# Sum and Difference Rules

## Related Calculator: Online Derivative Calculator with Steps

**The Sum Rule**. If `f` and `g` are both differentiable then `(f(x)+g(x))'=(f(x))'+(g(x))'`.

Proof.
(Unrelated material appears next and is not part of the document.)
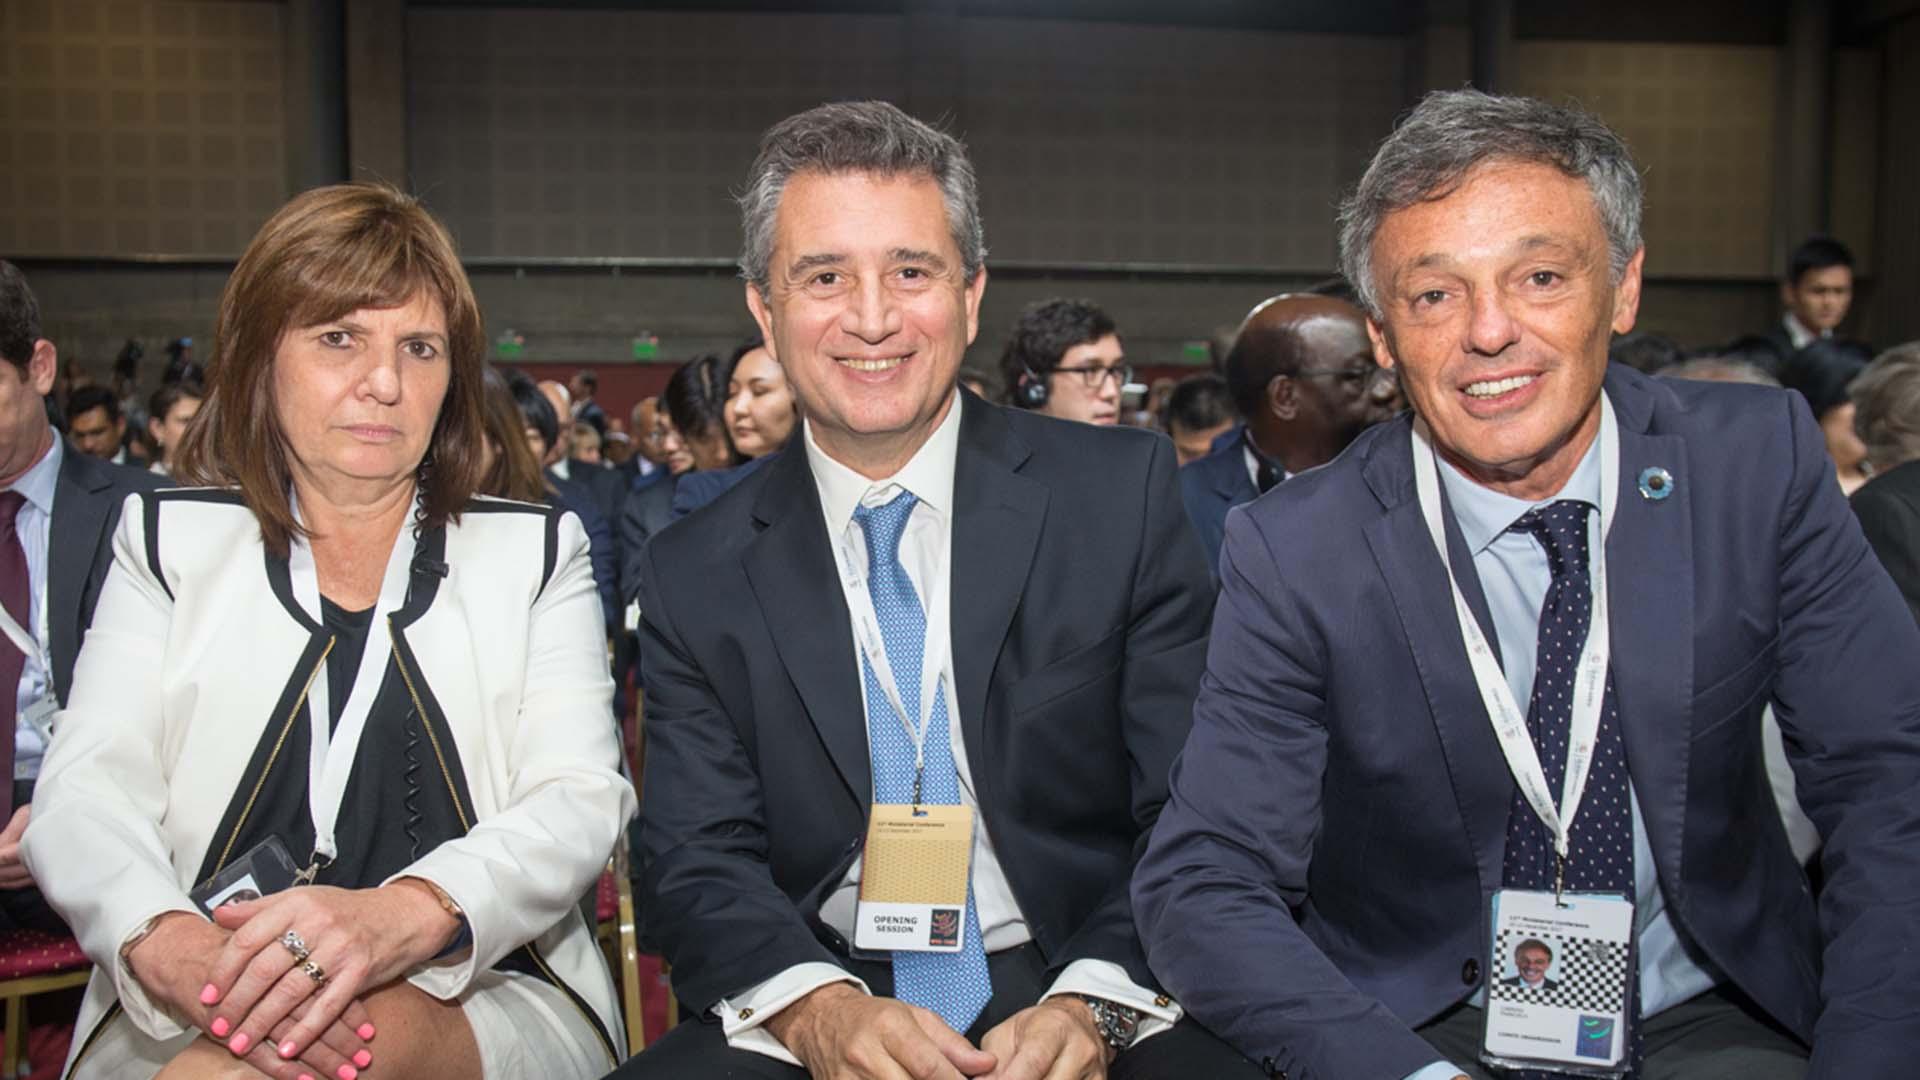 La ministra de Seguridad, Patricia Bullrich; el ministro de Agroindustria, Luis Miguel Etchevehere y el ministro de Producción, Francisco Cabrera

By definition `(f(x)+g(x))'=lim_(h->0)((f(x+h)+g(x+h))-(f(x)+g(x)))/h=`

`=lim_(h->0)((f(x+h)-f(x))/h+(g(x+h)-g(x))/h)=`

`=lim_(h->0)(f(x+h)-f(x))/h+lim_(h->0)(g(x+h)-g(x))/h=`

`=f'(x)+g'(x)`.

In general, sum rule can be extended to the sum of any number of functions. Indeed, `(f+g+h)'=(f+(g+h))'=f'+(g+h)'=f'+g'+h'`.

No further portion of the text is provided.